La cuestión crucial aquí es, ¿por qué hizo más frío? Es posible que sea una variación del clima polar, dice Rowland. O bien señala al calentamiento global. «El término se aplica sólo a la superficie; pero mientras ésta se calienta, la estratosfera se enfría, es algo que hemos observado». En otras palabras, el cambio climático produce un enfriamiento de las capas altas de la atmósfera...y ralentizaría la recuperación de la capa de ozono.

Otros expertos están apuntando esta paradoja. En una reunión de geofísicos americanos de la American Geophysical Union (AGU) hace cinco años se esbozó esta posibilidad. Las observaciones de campo sobre el ozono (y el bromo) sugerían que destruirían más ozono de lo esperados si los gases de invernadero continuaban aumentando.

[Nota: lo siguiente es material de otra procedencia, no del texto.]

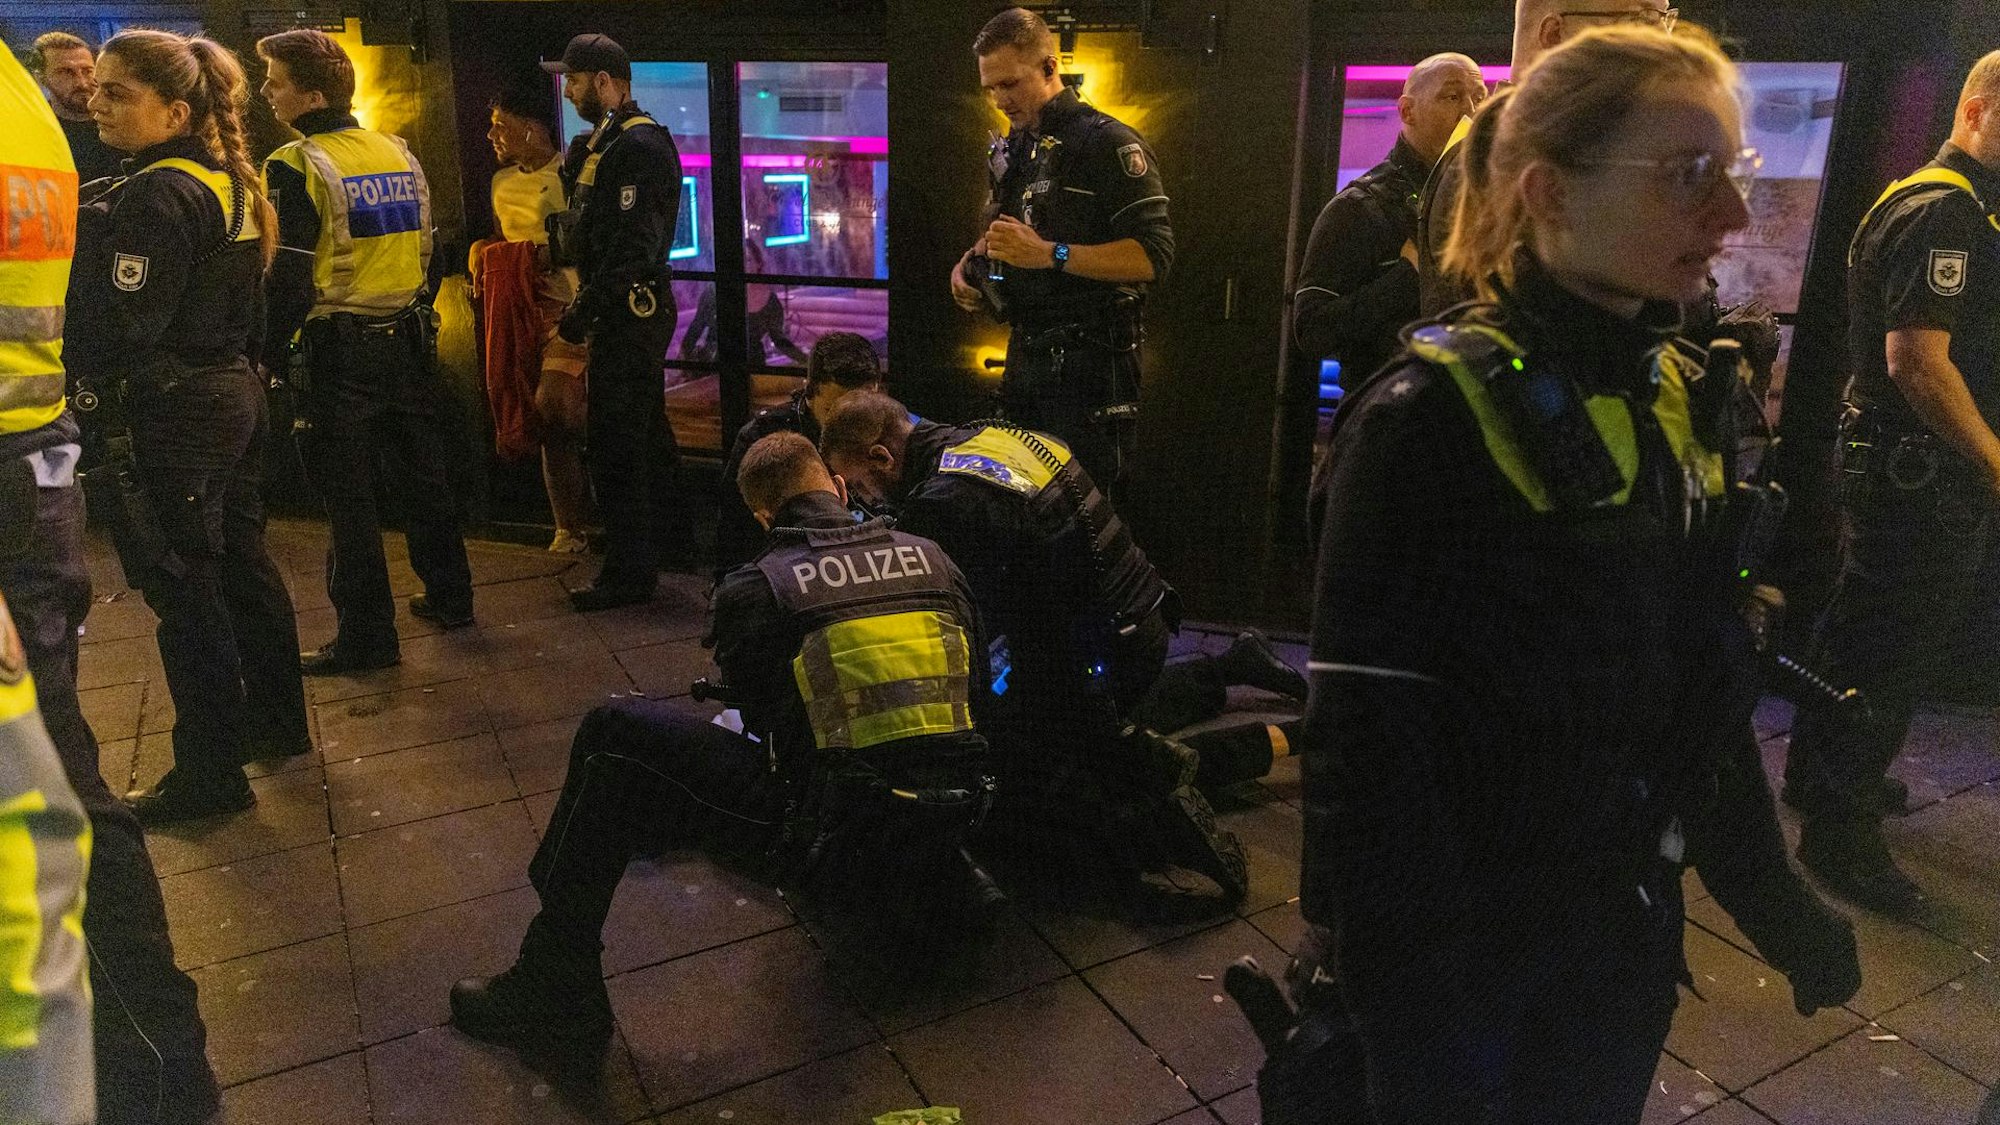 Polizisten fixieren einen aggressiven Mann am Boden.
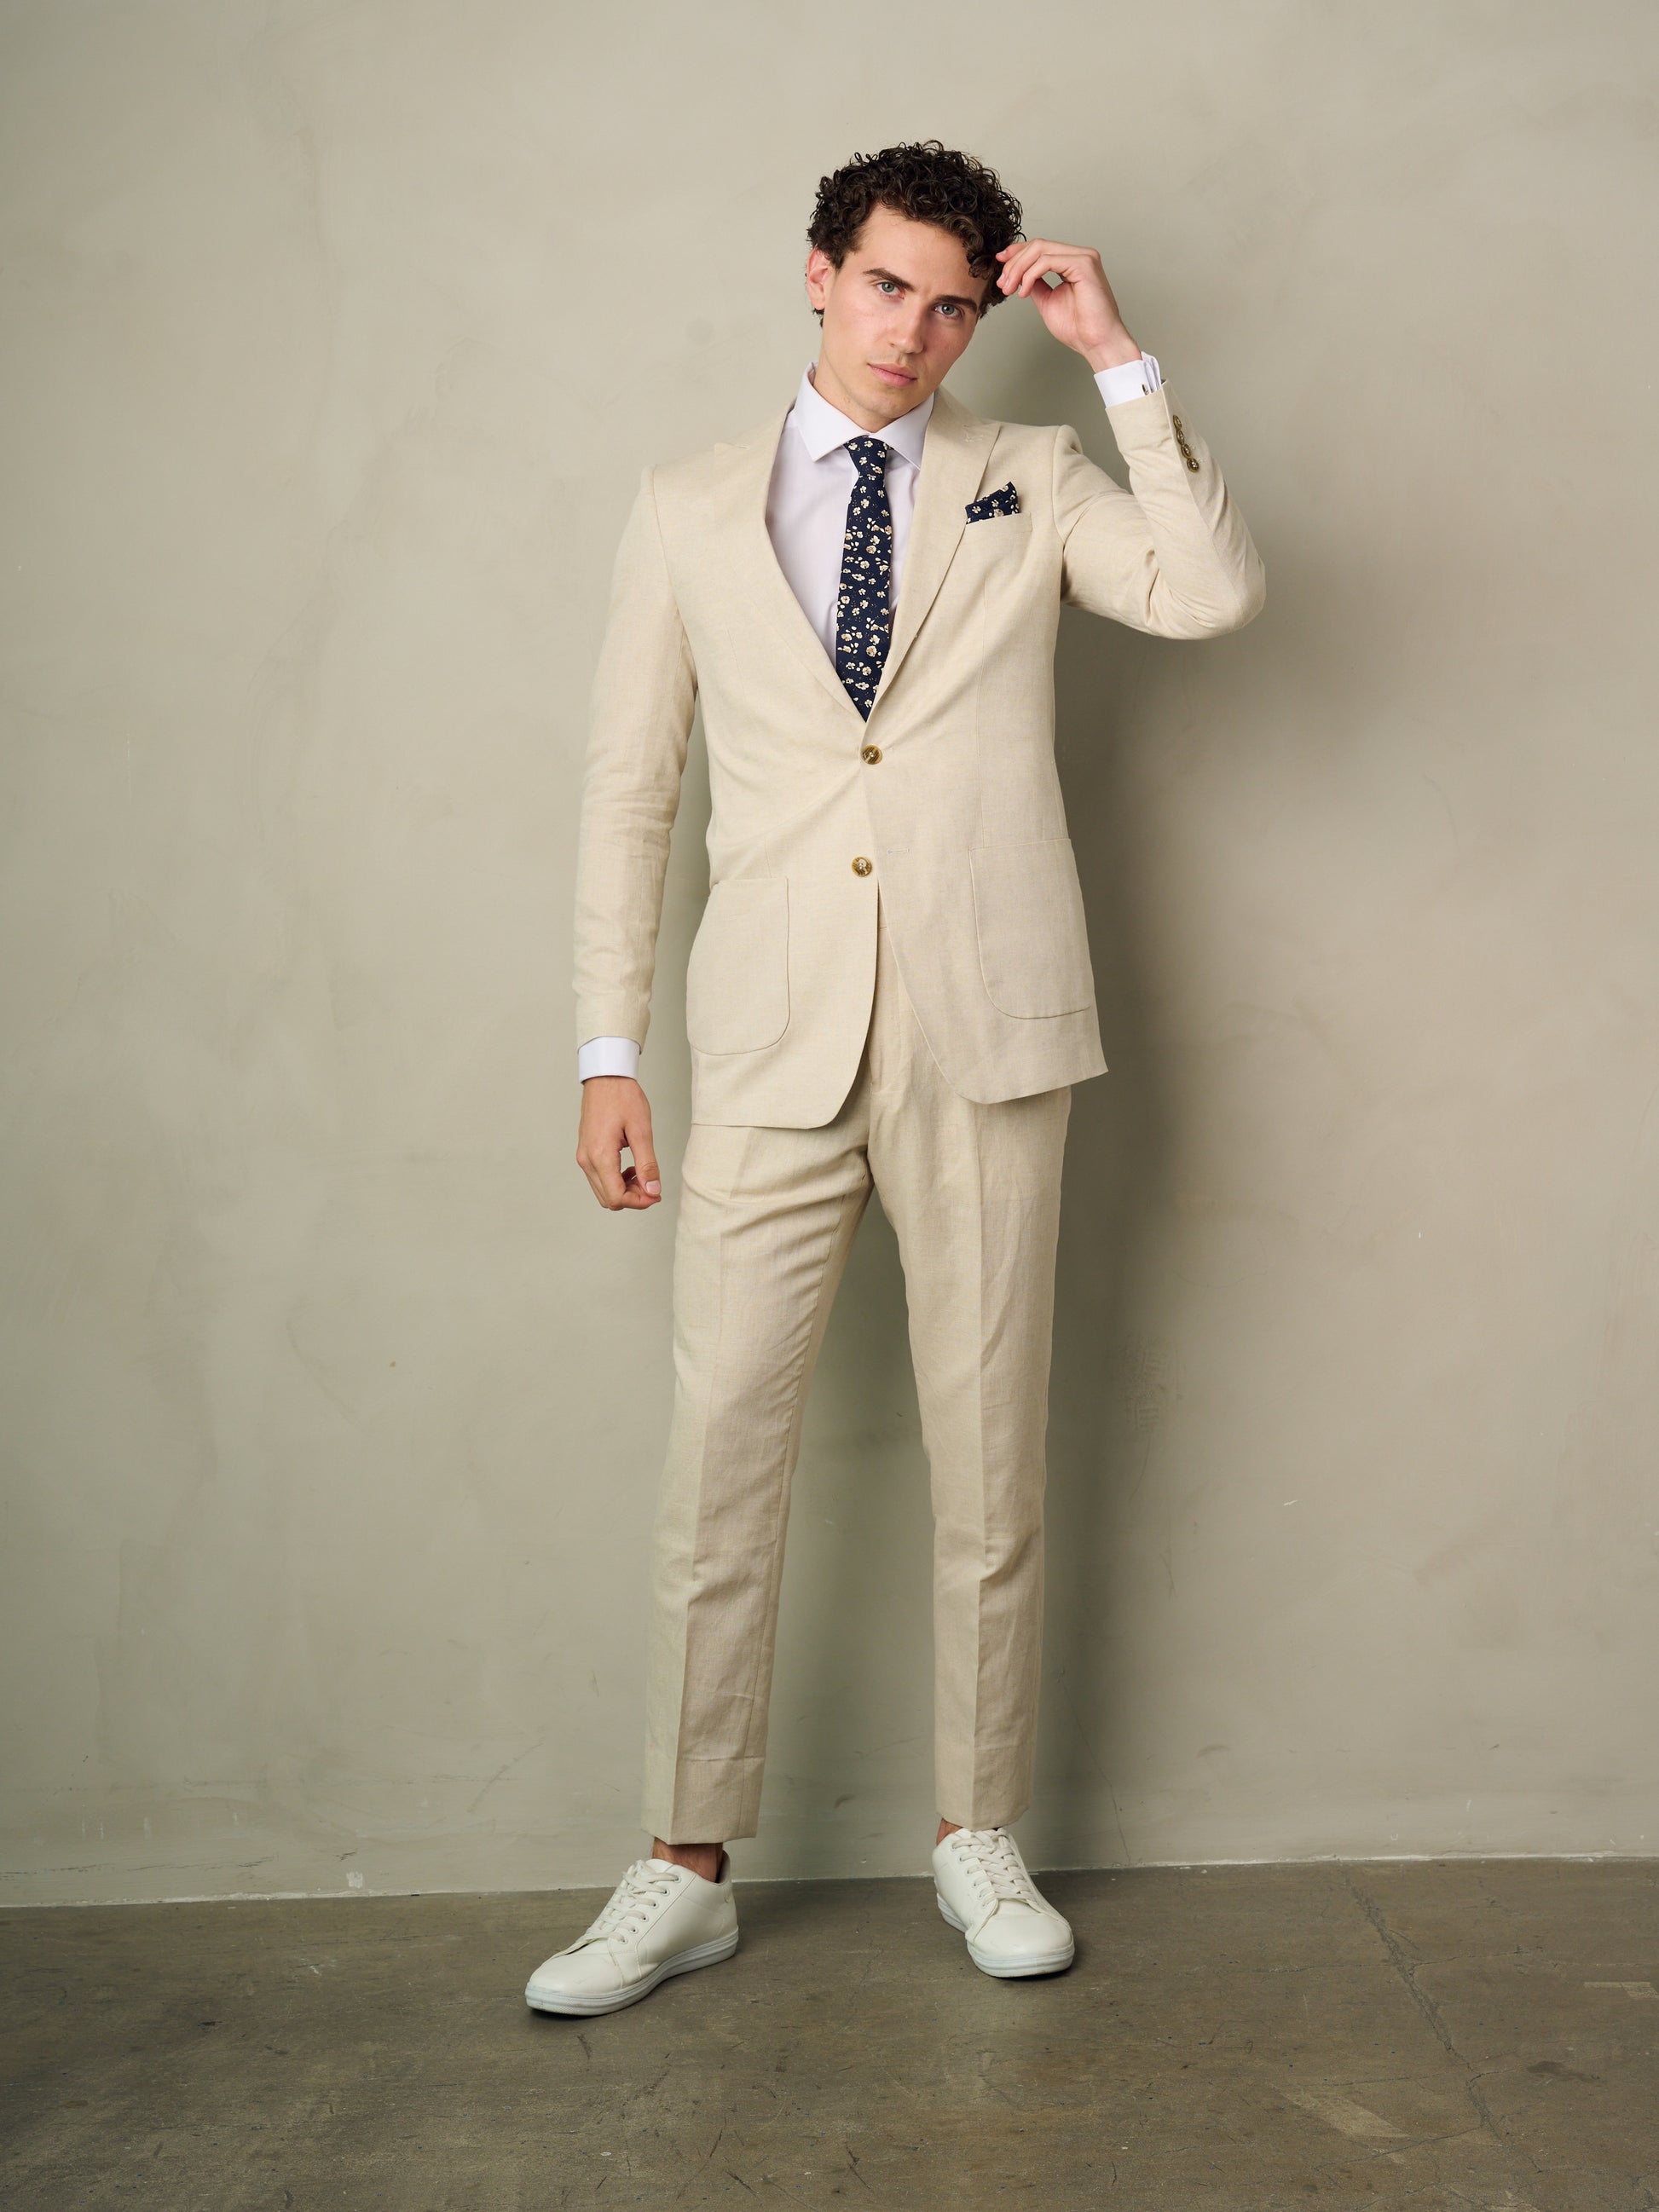 Men's 2-Pieces Slim Fit Linen Suit (Tan) – OMC Formal

El experto Paul A. Newman, del Centro Espacial Goddard de la NASA, indicó que, según las predicciones, por culpa del efecto invernadero se continuaría destruyendo ozono en 2050 y hasta incluso en 2070.

Una nota optimista

Pero la ciencia de la química atmosférica es tan compleja que la certidumbre es algo difícil. «La cuestión de cuánto es una variabilidad normal (en referencia a los inviernos árticos más fríos) y cuánto se debe al dióxido de carbono es algo que averiguaremos en los próximos años», dice Sherwood Rowland.

«En referencia a lo que hemos visto este pasado invierno en el polo norte, no creo que este tipo de fenómenos vayan a empeorar», asegura a este diario Joseph M. Zawodny, del Centro Langley de la NASA. Zawodny participó en el primer estudio que ratificaba la desaceleración de la destrucción del ozono en 2003. «Creo que los modelos sugieren que las cosas se van a normalizar». Para este experto, el Protocolo de Montreal fue histórico. «La comunidad científica habló con una sola voz. El problema es que los CFC permanecen mucho tiempo en la atmósfera, algunos durante centenares de años, por lo que llevará bastante tiempo el que desaparezcan».